=== BRIEF ===
The lines to return run from the one containing "Кровать Solo v3 с подушками 190х90" through the end of the material; give them exactly and leave out the pictures.

━━━━━ GIVEN MATERIAL

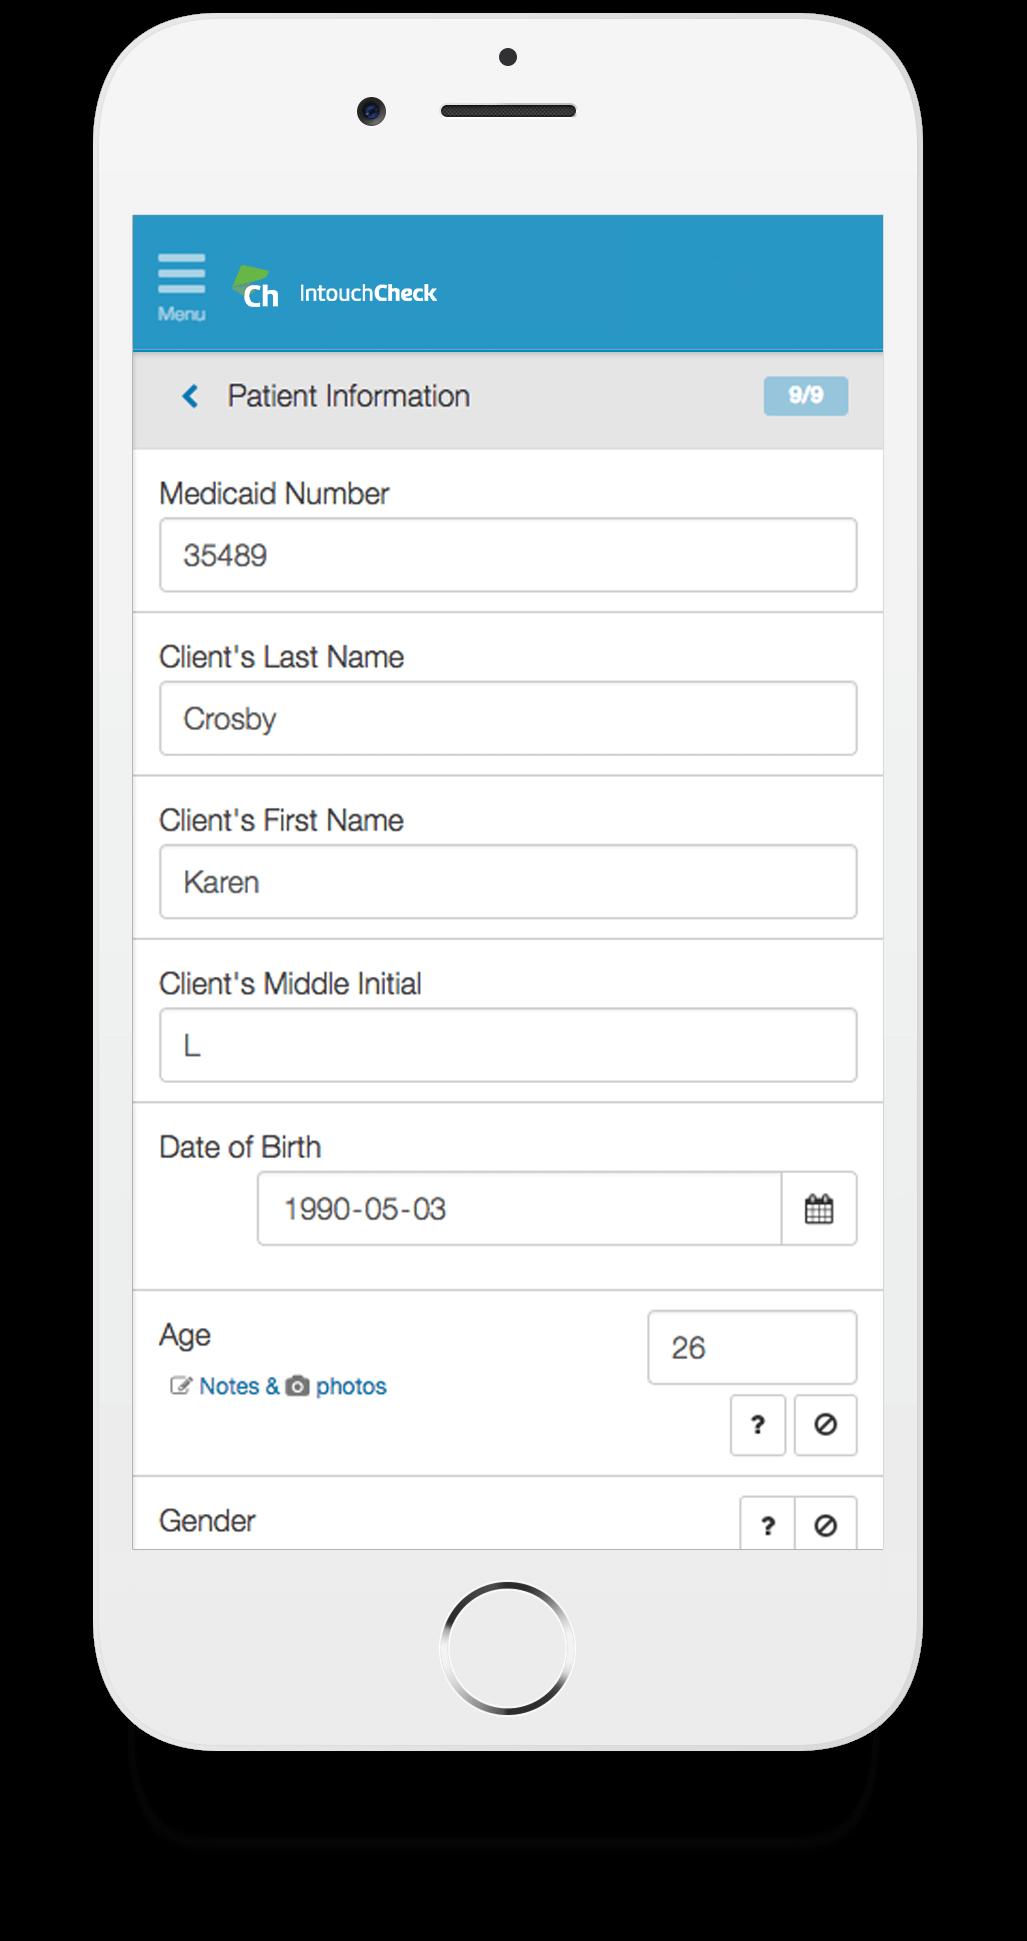 psychiatric-patient-admission-form.png
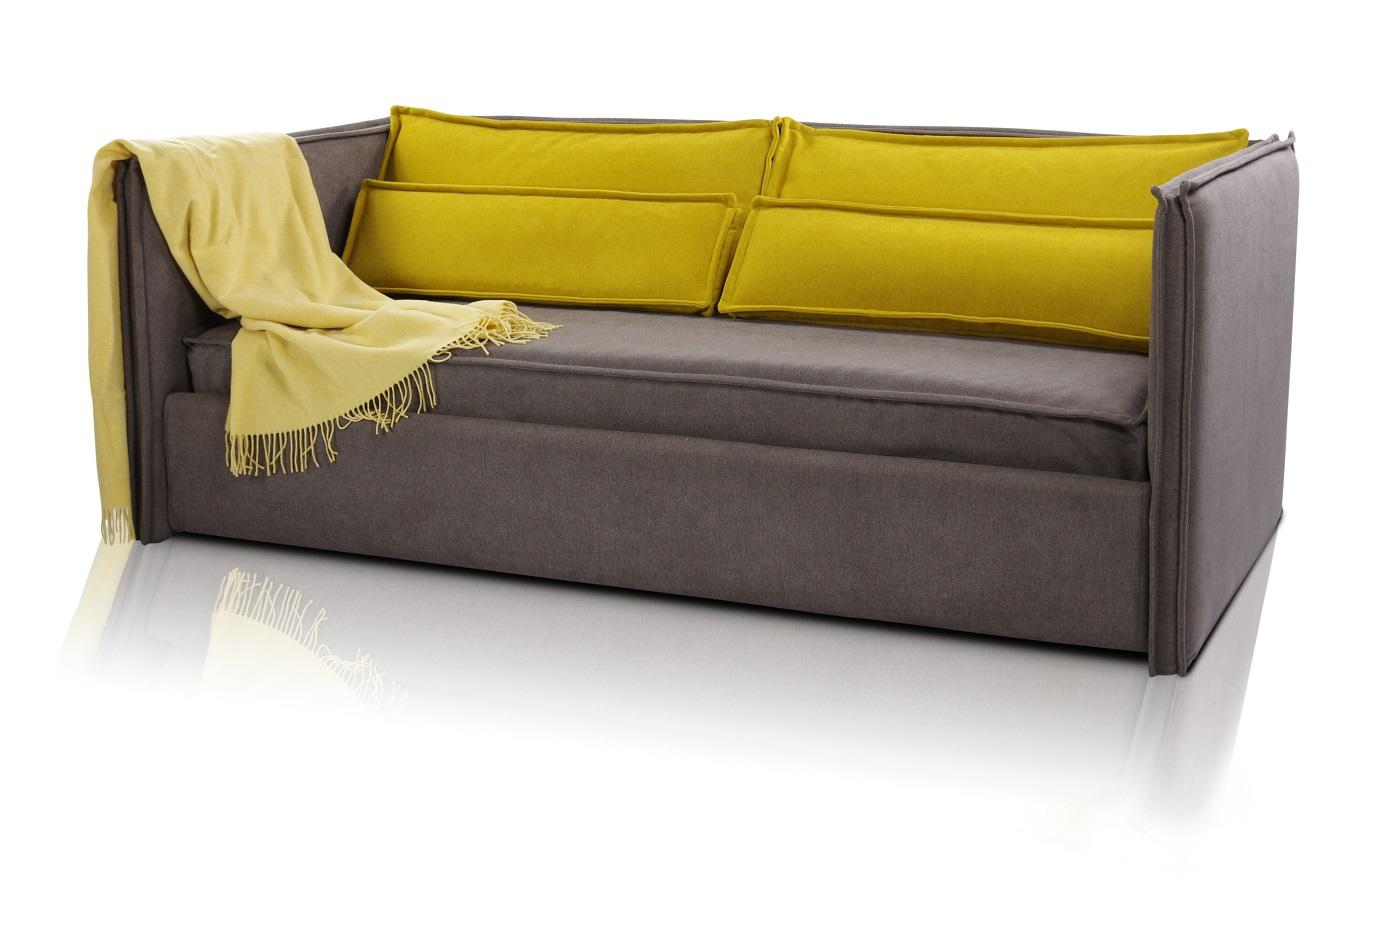 Кровать Solo v3 с подушками 190х90
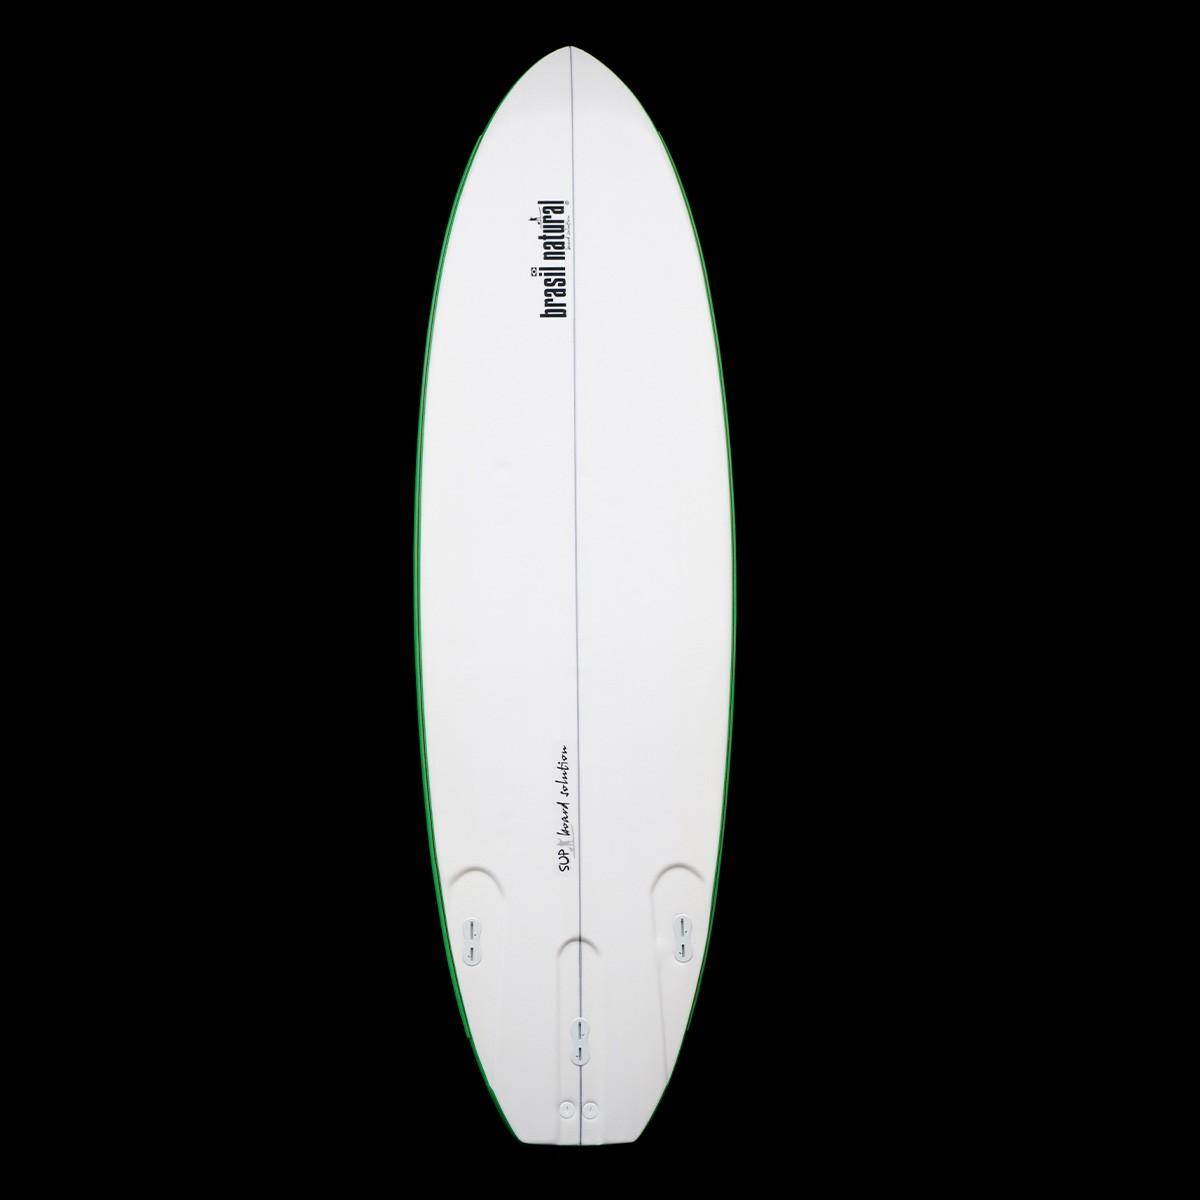 Prancha de stand up paddle 10 pés soft + kit remada - Outlet 28

━━━━━━━━━━

=== SOLUTION FOR THIS PROBLEM ===
 Кровать Solo v3 с подушками 190х90
 Prancha de stand up paddle 10 pés soft + kit remada - Outlet 28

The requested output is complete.